Елизавета Дворецкая - Весна незнаемая, кн. 1: Зимний зверь
За шумом не сразу заметили, что к человеческим голосам присоединились еще какие-то жуткие звуки. Во всех дворах завыли собаки: ни одна не лаяла, а все только визжали, выли и скулили. Откуда-то сверху вдруг пала целая стая воронья и облепила все крыши; с резким пронзительным карканьем вестники беды перелетали с крыши на крышу, прыгали по кольям тына, носились над головами людей, почти задевая черными крыльями. Их пытались сбивать палками, поленьями, достать копьями, кидали вверх крепкие снежки. Среди резких птичьих и неистовых человеческих голосов сверху падали черные вороньи перья, кололи глаза, царапали лица.
– Вон она! Вон! – не сразу разобрали сквозь режущий уши гам и крик.
По улочке мчался Громобой – без полушубка, сброшенного где-то прямо на снег, с разметавшимися рыжими кудрями, с горящим, красным, как закатное солнце, лицом, с неистово сверкающими глазами. Он был как огненный вихрь, и каждый, кто его видел, кричал от страха и падал под первое крыльцо, только чтобы не попасть под ноги. В его поднятой руке был меч Буеслава, похожий на молнию, и огненные отблески многочисленных факелов сверкали на его клинке синевато-пламенным блеском. А в нескольких шагах впереди него по улице мчалась огромная белая собака. Выглядела она жутко и жалко – тощая, со свалявшейся и спутанной шерстью, с длинными лапами, заплетавшимися на бегу, она не то бежала, не то катилась кубарем. Глаза ее были вытаращены и горели диким огнем, смесью ярости и ужаса, длинный язык был высунут и едва не задевал о снег, из пасти клочьями падала пена.
– Она! Она! Бей ее, бей! Гони! – сорванными голосами вопили все вокруг и устремлялись следом. Это была сама Моровая Девка, но теперь она бежала, спасалась бегством от людей, и ее нужно было гнать, гнать!
Выскочив на пустырь перед воеводскими воротами, моровая тварь заметалась, потом вдруг вскочила на одно из крылечек и юркнула в дверь, мелькнула в едва приоткрытой щели и исчезла. Громобой бросился за ней на крыльцо, телом вынес внутрь дверь сеней и тут рванул на себя кольцо на двери самой истобки.
Его встретил оглушительный женский крик. В светце горела лишь одна лучина, а меч в его руке продолжал сверкать молнией и освещать собой всю избу.

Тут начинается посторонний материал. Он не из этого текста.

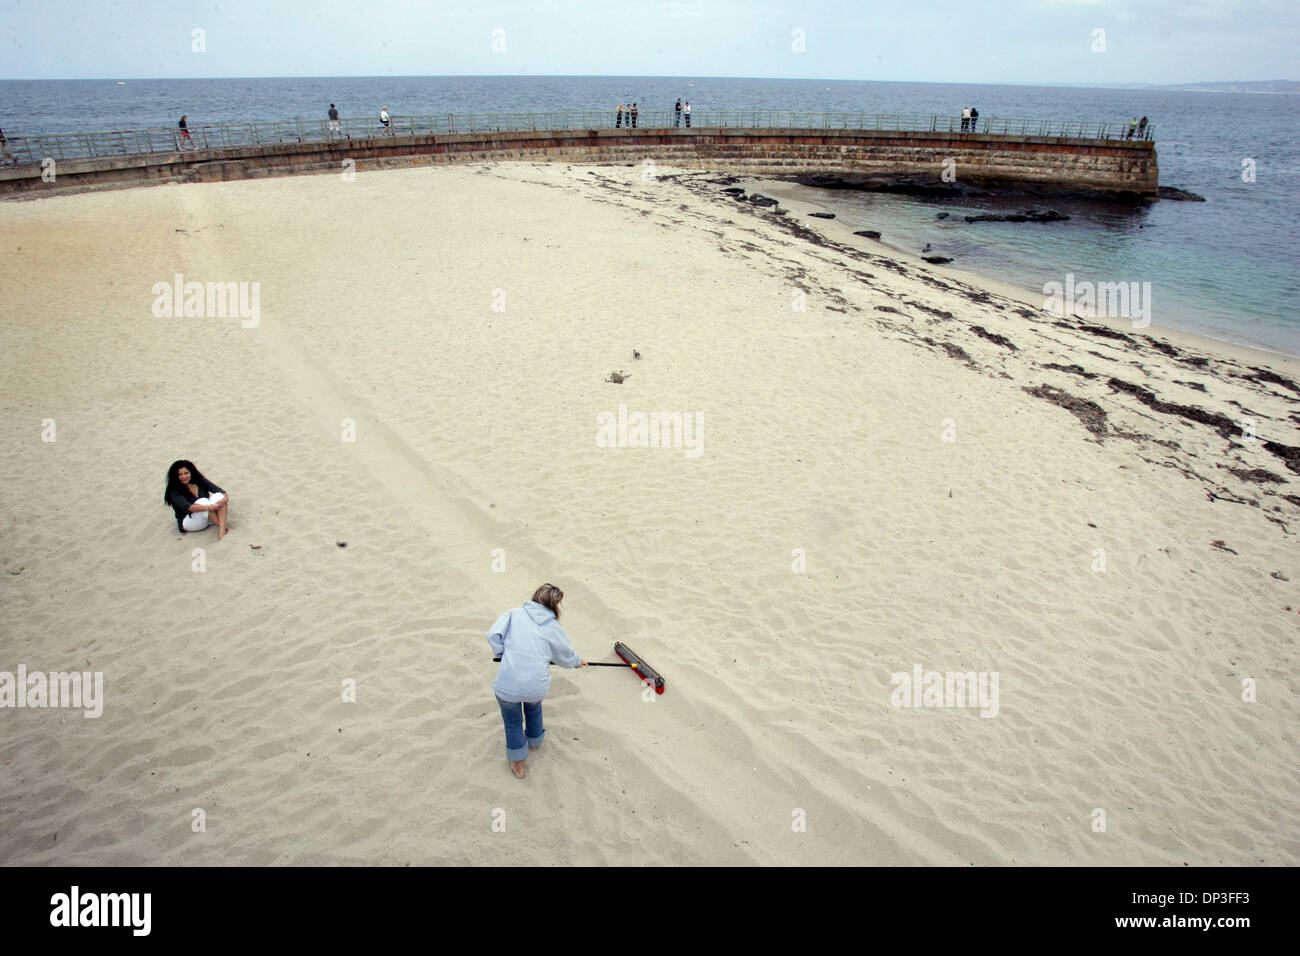 3. Juli 2006; San Diego, CA, USA; THERESA PAYNE ist ein "Rake eine Linie" freiwilliger an der La Jolla Kinder Pool. Sie nutzt einen Besen um zu bemerken, die Linie im Sand die Besucher hoffentlich Strand nicht überqueren und potenziell stören die Dichtungen.    Obligatorische Credit: Foto von Scott Linnett/SDU-T/ZUMA Press. (©) Copyright 2006 by SDU-T Stockfoto

Белой собаки не было, а женщина, лежавшая на лавке, билась и истошно кричала. Какая-то девушка, что, должно быть, пыталась ее успокоить, отшатнулась от лежанки, закрываясь руками от пламени горящего клинка. А женщина испустила оглушительный вопль и затихла.
И сразу стало почти тихо, только домочадцы невнятно всхлипывали в полутьме. Какая-то душная сила разом придавила и погасила общее неистовое возбуждение, и даже Громобой застыл посреди избы, опустив меч. Ему вдруг стало тяжело, как будто весь Убор со своим холмом лежал у него на плечах. По спине продрало морозом, руки и ноги похолодели: слишком много своего тепла он растратил в этой битве, которая непонятно чем кончилась… Меч Буеслава стал таким тяжелым, что, казалось, вовек больше его не поднять… Сияние клинка постепенно тускнело, по нему медленно передвигались отблески синеватого пламени, неровно вздрагивали и опадали, как последние всплески гаснущего огня. У Громобоя рябило в глазах, и мерещилось, что черные громовые шестигранники, тянувшиеся сплошной полосой от рукояти меча к острию, катятся куда-то один за одним, и в ушах у него стоял гул и грохот. Смерть ехала через его душу на своих тяжелых колесах.
Что произошло, он еще не понял. Женщина лежала на спине, молча, вытянувшись и запрокинув голову. Растрепанная жидкая коса упала с лавки на пол.
– Сестрица! Ты что? Что ты? Очнись! – Девушка, отскочившая было при появлении Громобоя, теперь вернулась к лежанке и, стоя на коленях, осторожно поглаживала лежащую по растрепанным волосам. – Ну, что ты? – вполголоса, жалостливо и примиряюще причитала она, и по голосу ее было слышно, что она с трудом удерживается от плача. – Сестрица! Очнись! Очнись!
– Маманька! – Мальчик лет восьми тоже подошел и осторожно тронул лоб лежащей. – Маманька, ты меня слышишь? Уже все, она ушла, ее прогнали! Маманька! Ты слышишь, это я! Ну, маманька же!
Какая-то женщина поднесла поближе светец и вставила в него еще одну лучину. Угол с изголовьем лежанки осветился. Теперь Громобой отчетливо узнал в лежащей Ранницу, ту самую женщину, что видела белую лошадь. Девушка погладила ее лоб, потом взяла за руку… а потом вдруг отвернулась и разрыдалась, прижимая к лицу рукав. Мальчик, еще только заподозрив правду, громко закричал и отчаянно затеребил мать. Все женщины в избе, три или четыре, почти невидные во тьме, заплакали и запричитали разом.
– Доченька моя, доченька! – вопила старуха, сжимая руку лежащей, точно еще надеялась удержать ее здесь. – Погубила тебя лихая болезнь, забрала тебя Невея! Как же ты меня, старую, оставила! А дети-то как же! Доченька!
Громобой повернулся и пошел из избы, и у него едва хватало сил приподнять меч, чтобы не везти острием по полу и по земле. Он опять опоздал. Моровая Девка, спасаясь от него, спряталась в свою первую добычу и разом убила ее. А он не успел… Но сил на ярость и гнев у него не оставалось. С ним всегда так бывало: побушевав, он разом выдыхался и становился равнодушным к тому, из-за чего только что готов был метать громы. Пока не отдохнет… У него сейчас была только одна мысль: так дело не пойдет. Одной беготней ничего тут не добьешься. У Моровой Девки ног нет, и потому за ней не угонишься. Нужно как-то с другого конца взяться.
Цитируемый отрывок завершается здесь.